Another option: To handle (avert) queue full conditions: Enable and monitor depth events. When queue depth reaches 80%, increase (alter) maxdepth by 25%.
If the underlying problem is insufficient number of concurrent consumers, here's an opportunity for TRIGTYPE(EVERY). _________________ I like deadlines. I like to wave as they pass by.
ב''ה
Lex Orandi, Lex Credendi, Lex Vivendi. As we Worship, So we Believe, So we Live. |
|
Back to top |
|
|
gbaddeley |
Posted: Sun Sep 27, 2020 3:11 pm Post subject: |
|
|
Jedi Knight
Joined: 25 Mar 2003 Posts: 2527 Location: Melbourne, Australia
|
Do everything possible to avoid having a queue full situation. Set the max depth to a very high value. Monitor the queue depth. Monitor the app that is supposed to be consuming the msgs. _________________ Glenn |
|
Back to top |
|
|
PeterPotkay |
Posted: Sun Sep 27, 2020 5:26 pm Post subject: |
|
|
Poobah
Joined: 15 May 2001 Posts: 7719
|
Turn off Message Retry. How many times does it actually accomplish its mission? Almost always the reason for the failed PUTs is not going to resolve itself in a few seconds, so why waste time retrying. Sure, once in a blue moon it will pull it off delivering messages that would have went to a dead letter queue. But its not worth the risk to impact other messages on a shared channel.
One place I absolutely use Message Retry is on my Edge Queue Managers that have channels from other companies coming to us. On those dedicated channels between our company and one other company if there is any funny business occurring causing my RCVR to send to my DLQ, I want Message Retry kicking in to throttle what's coming across. If my RCVR is sending to the DLQ something is seriously wrong, maybe even something malicious. I want that RCVR slowing waaaaay down so we have time to react to the alert for the messages arriving on the DLQ. _________________ Peter Potkay
Keep Calm and MQ On |
|
Back to top |
|
|
zpat |
Posted: Mon Sep 28, 2020 1:30 am Post subject: |
|
|
Jedi Council
Joined: 19 May 2001 Posts: 5859 Location: UK
|
The destination queue in this case is a z/OS shared queue using a Coupling Facility structure.
These are memory based and inherently limited in size. We actually hit the CF space full before the max queue depth.
We have QDEPTHHI event alerts at 50%, but it filled very quickly.
So I am going to get the CF made bigger but it's the co-lateral impact on other applications (using the same channel) that caused most grief.

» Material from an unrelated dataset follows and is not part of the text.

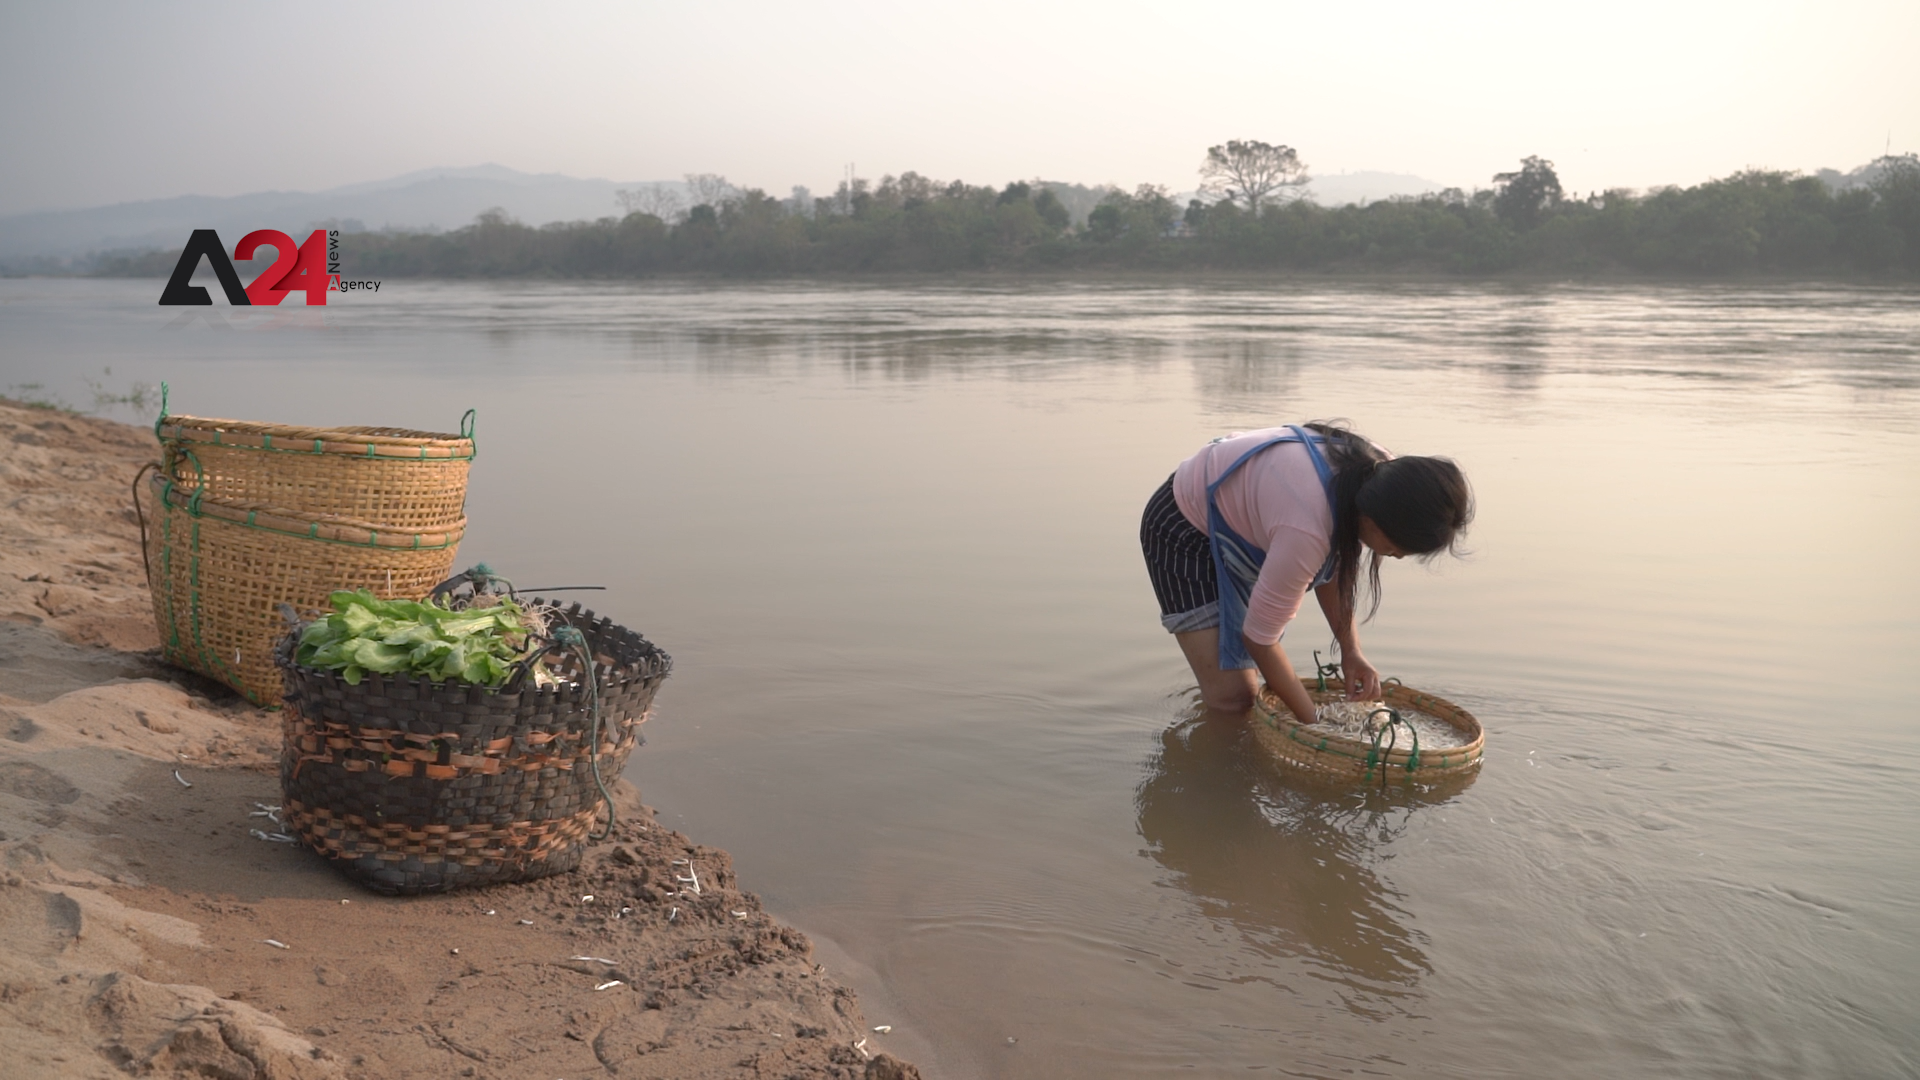 Thailand – Chiang Rai dams take toll on wildlife, farmers

I agree that message retry rarely has any value, it's one of those MQ defaults that probably belongs in a museum now. (There is a nice museum in Hursley!) _________________ Well, I don't think there is any question about it. It can only be attributable to human error. This sort of thing has cropped up before, and it has always been due to human error. |
|
Back to top |
|
|
bruce2359 |
Posted: Mon Sep 28, 2020 3:19 am Post subject: |
|
|
Poobah
Joined: 05 Jan 2008 Posts: 9442 Location: US: west coast, almost. Otherwise, enroute.
|
So, the consuming app (apps) can't keep up with message arrival rate. Why? What is the bottleneck? _________________ I like deadlines. I like to wave as they pass by.
ב''ה
Lex Orandi, Lex Credendi, Lex Vivendi. As we Worship, So we Believe, So we Live. |
|
Back to top |
|
|
zpat |
Posted: Mon Sep 28, 2020 3:47 am Post subject: |
|
|
Jedi Council
Joined: 19 May 2001 Posts: 5859 Location: UK
|
Against my advice, it was not set up with HA or at least some kind of automated restart.
They relied on manual alerting which failed. However this is not really the issue since there could be planned downtime.
My concern is avoiding impact on unrelated (and often more important) applications when some lesser application fills up their queue. _________________ Well, I don't think there is any question about it. It can only be attributable to human error. This sort of thing has cropped up before, and it has always been due to human error. |
|
Back to top |
|
|
bruce2359 |
Posted: Mon Sep 28, 2020 5:15 am Post subject: |
|
|
Poobah
Joined: 05 Jan 2008 Posts: 9442 Location: US: west coast, almost. Otherwise, enroute.
|
Messages of lesser importance should not be sent across the same channel as the important messages.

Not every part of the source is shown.